Karya-karyanya menurut Al-Hujwiri dalam Kitab Kasyf al-Mahjub meliputi Kitab Amtsal al-Quran, Kitab Rasail, serta Tashihul Iradah.
Ada juga yang berpendapat beberapa karyanya yang telah lenyap di antaranya Tashih Iradah, Kitab al-Munajat, Muntakhab al-Asrar fi Shifat ash-shiddiqqin wa al-abrar, Hikayat, al-Mufarriqat, al-Ma’tsurat’an al-Junaid wa asy-syibli wa abi Yazid al-Bisthami.
Selain itu, terdapat pula karya-karya yang diduga karya Imam al-Junaid, di antaranya Risalah Abu al-Qasim al-Junaid ila Yusuf bin al-Husain, Risalah fi al-Syukr dan Risalah fi al-Faqah, Kitab al-Qashd ila Allah, Ma’ali al-Himan, dan As-Sirr fi Anfas ash-Shufiyyah (Ali Hassan Abdel Kader:2018).
Karya-karya di atas menjadi indikasi dari keluasan dan kecintaan Imam al-Junaid terhadap ilmu pengetahuan. Ia berguru kepada seseorang yang sanad keilmuannya terpercaya. Mendapat keberkahan dari setiap doa yang mengalir dari guru-guru serta keikhlasannya sendiri dalam menuntut ilmu. Pengalamannya tersebut dapat kita teladani sebagai salah satu kunci sukses dalam menyelami luasnya ilmu pengetahuan.
Tauhid Imam al-Junaid al-Baghdadi
Menurut Imam al-Junaid, tauhid menjadi gagasan yang tidak bisa dijelaskan secara menyeluruh karena di dalamnya tercakup pengetahuan yang luas dan mendalam. Butuh nalar yang kritis dan keilmuan yang banyak untuk memahami tauhid.
Kendati demikian, Imam al-Junaid memberikan keterangan berdasarkan konsep tauhid yang dapat dipahami oleh semua orang. Bersumber dari perkataannya, “Tauhid adalah pemisah antara yang dahulu dengan yang kini.” Maksud dari perkataan tersebut tersirat beberapa makna.
Pertama, bersandar pada esensi Allah dan mengabaikan esensi yang lain.
Kedua, bersandar pada Allah dan mengabaikan seluruh sifat yang lain.
Ketiga, memisahkan perbuatan, maksudnya memisahkan perbuatan Allah dan mengabaikan seluruh perbuatan yang lain.
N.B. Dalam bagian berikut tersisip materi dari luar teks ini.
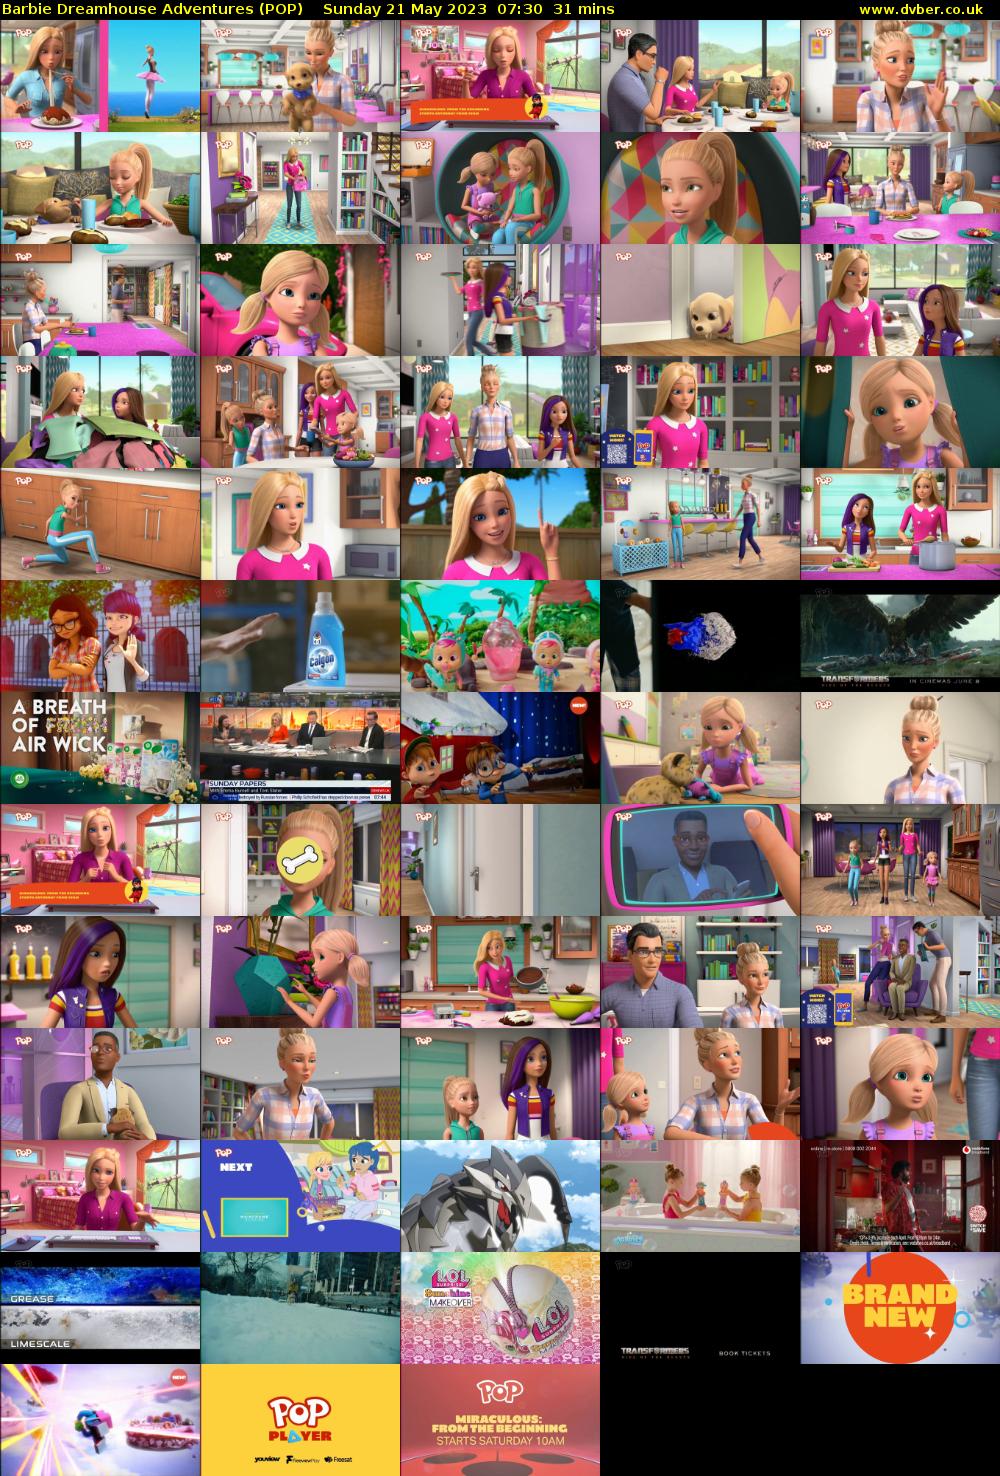 Barbie Dreamhouse Adventures (POP) Sunday 21 May 2023 07:30 - 08:01

Bertauhid kepada Allah artinya menyandarkan segala hal yang terjadi termasuk setiap persoalan dan segala sesuatu tanpa memiliki kekhawatiran atau ketakutan kepada daya-daya dari selain Allah (Ali Hassan Abdel-Kader: 2018) .
Pendapat Imam al-Junaid tentang tauhidnya ini mengundang banyak perdebatan tokoh muslim lainnya. Ibnu Taimiyah misalnya. Ia mengatakan, “Apa yang dikatakan al-Junaid mengenai yang kekal dan ciptaan merupakan petunjuk bagi banyak sufi agar tidak tersesat dalam kekeliruan yang menyesatkan.”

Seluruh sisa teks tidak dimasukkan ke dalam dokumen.